Nokia plunged 1.63 euros, or 15 percent, to 9.47 euros, the most since April 2004. Before today, the stock was unchanged this year.

Margin Pressure

The second-half non-IFRS operating margin in the main devices and services unit will be at about the same level as in the first half, Nokia said. The devices business is run by Kai Oeistaemoe and services by Niklas Savander.

“Competition is increasing in the smartphone area as many participants rush into one of the few growing markets,” Chief Executive Officer Olli-Pekka Kallasvuo said on a call with analysts today. Nokia had 41 percent of the smartphone market in the second quarter, unchanged from a year ago.

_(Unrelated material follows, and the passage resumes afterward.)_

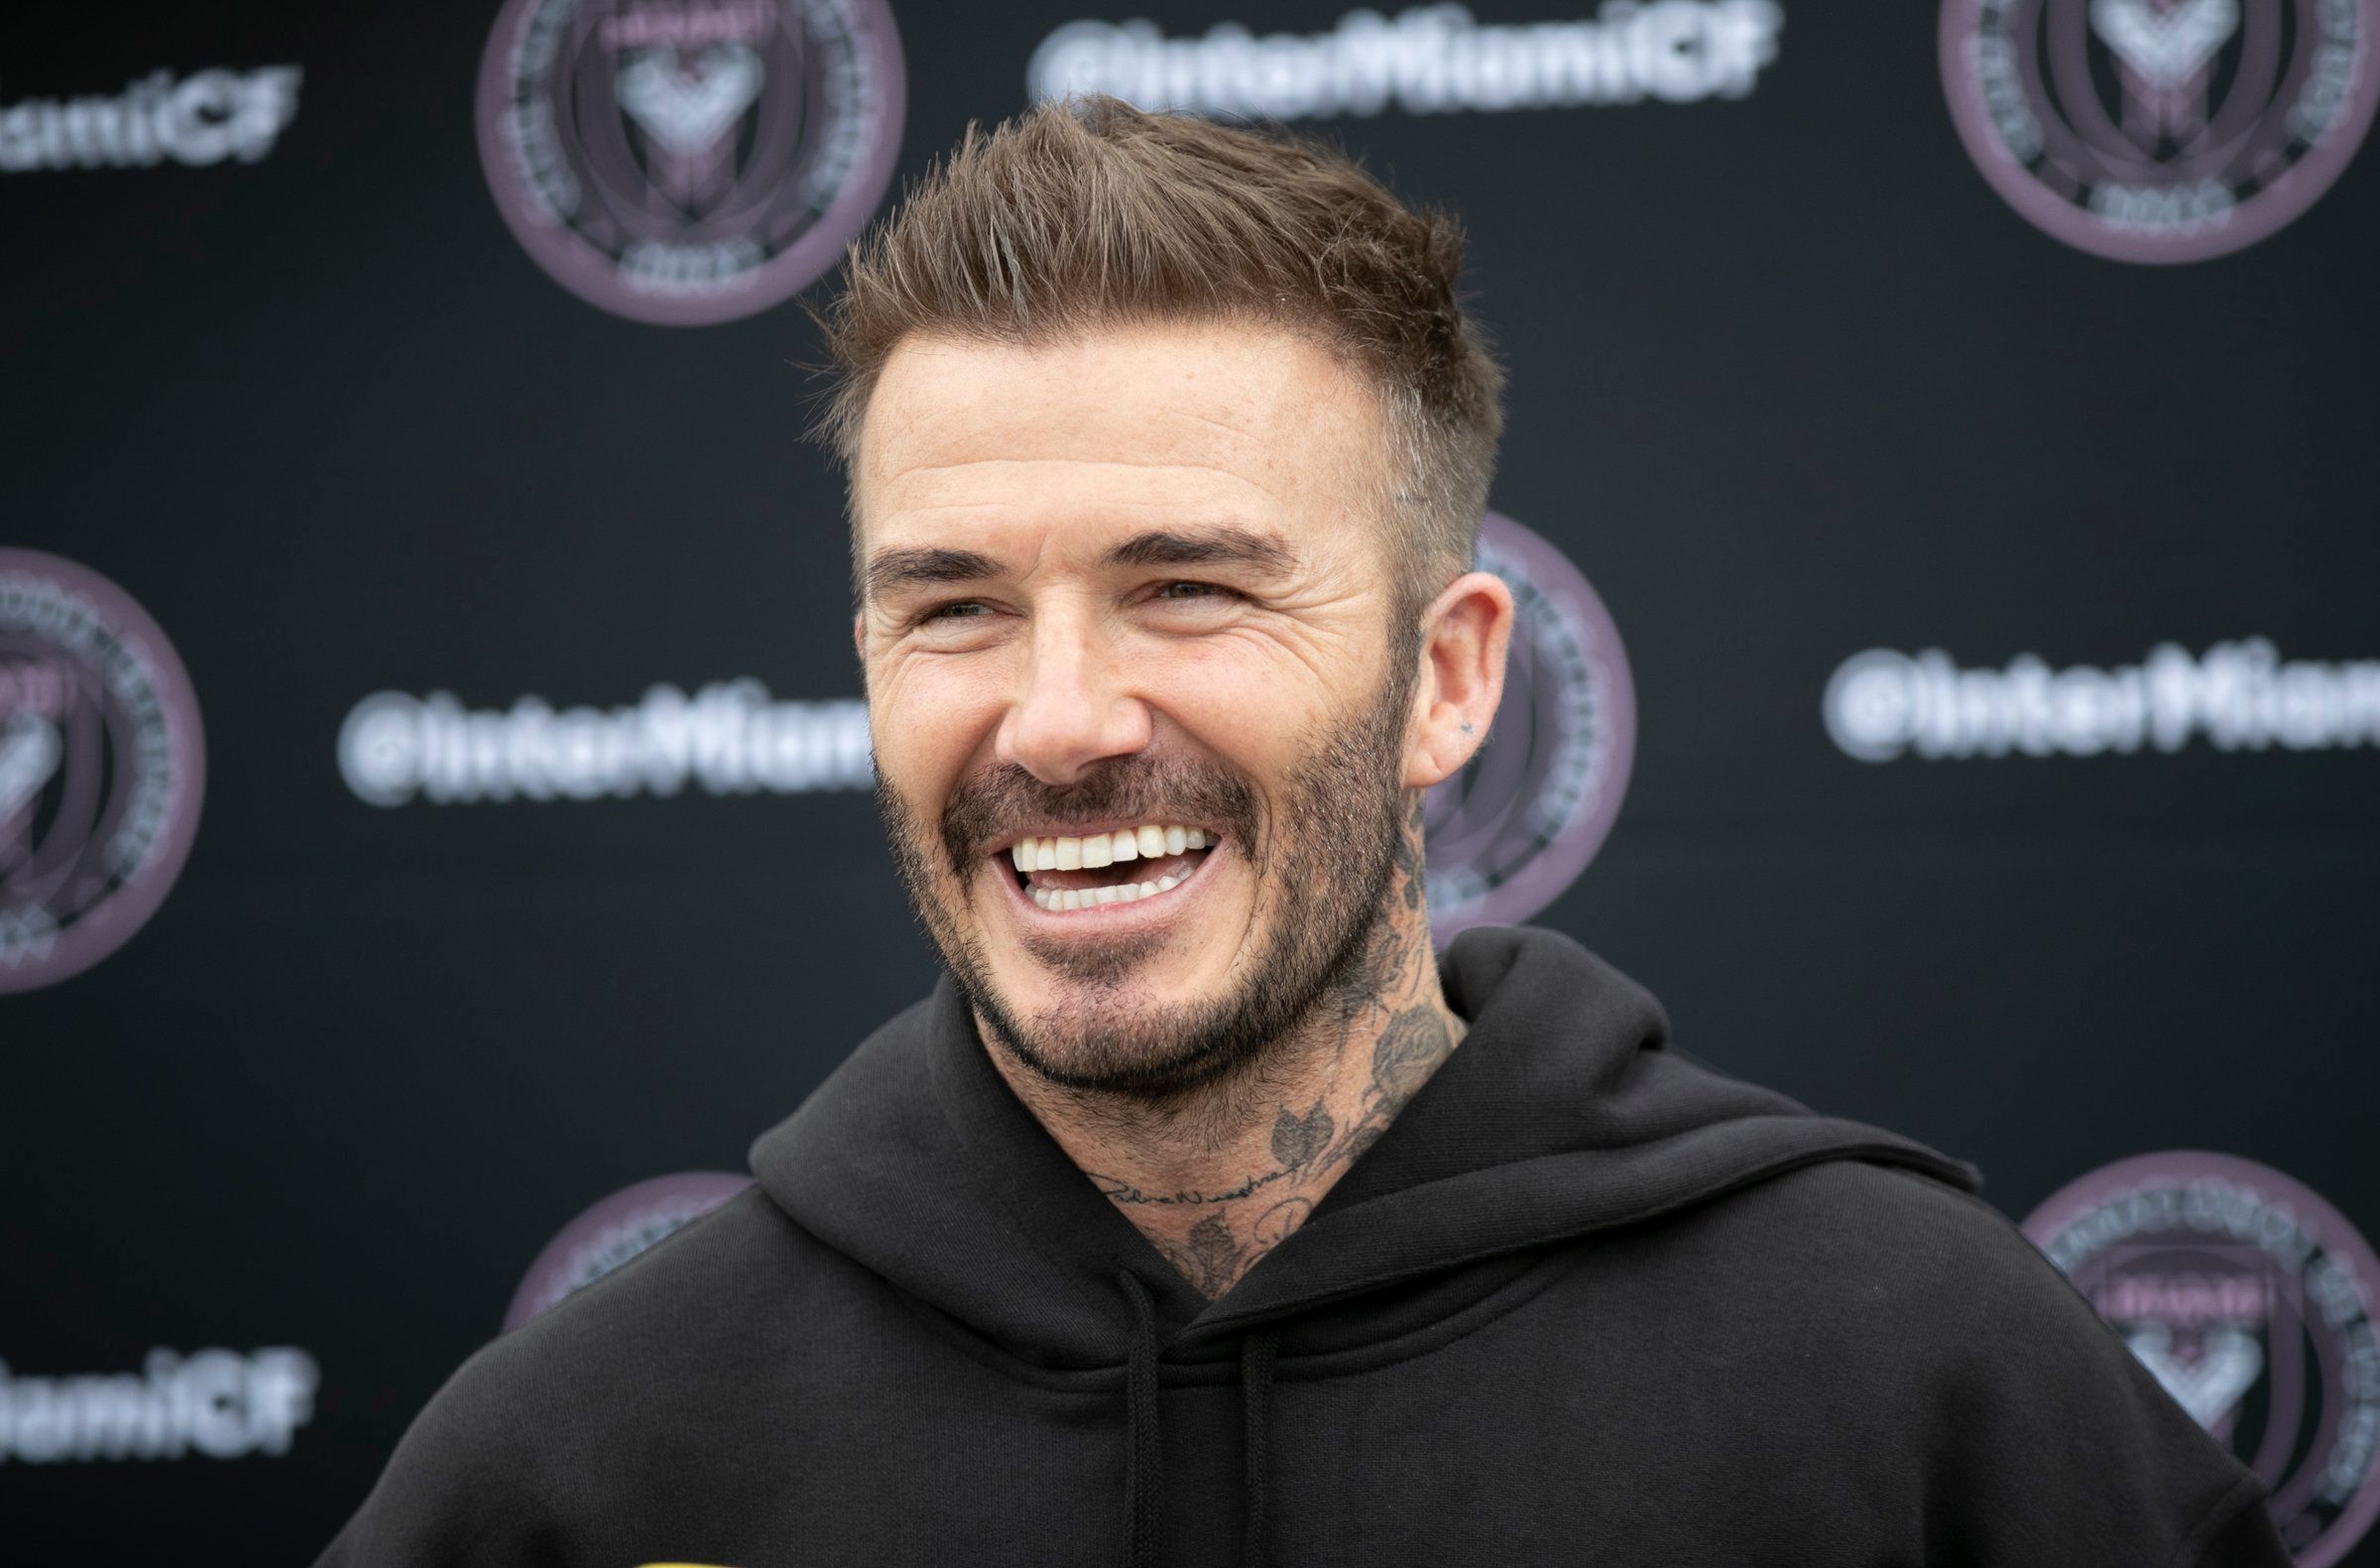 David Beckham during the Inter Miami CF team at Inter Miami Stadium and Training Complex in Fort Lauderdale, Fla., on Tuesday, Feb. 25, 2020. | Source: Getty Images

Second-quarter net income fell to 380 million euros, or 10 cents a share, from 1.1 billion euros, or 29 cents, a year earlier. Sales slid 25 percent to 9.9 billion euros. Analysts predicted profit of 361 million euros on sales of 10.1 billion euros, according to the average estimates in a Bloomberg survey.

The Finnish company shipped 103.2 million phones in the quarter, a 15 percent drop from a year earlier. The average selling price was 62 euros, down from 74 euros a year earlier. The drop in average prices was “primarily due to general price pressure and a higher proportion of sales of lower priced products,” Nokia said.

Market Share

Nokia estimates its mobile device market share in the second quarter was 38 percent, down from 40 percent a year earlier and up from 37 percent in the first quarter. The company said it lost market share in Latin America, the Asia-Pacific region and North America from a year earlier.

“We think the share is going to be about constant in the next quarter, but even more than that, we’re going to focus on getting the most value out of every one of those sales,” Chief Financial Officer Rick Simonson said in a Bloomberg Television interview today.

Sony Ericsson Mobile Communications Ltd., the world’s fifth-largest handset maker, today reported a 43 percent drop in unit shipments from a year earlier and posted its fourth straight quarterly loss.

“Competition remains intense, but demand in the overall mobile device market appears to be bottoming out,” Kallasvuo said in the statement.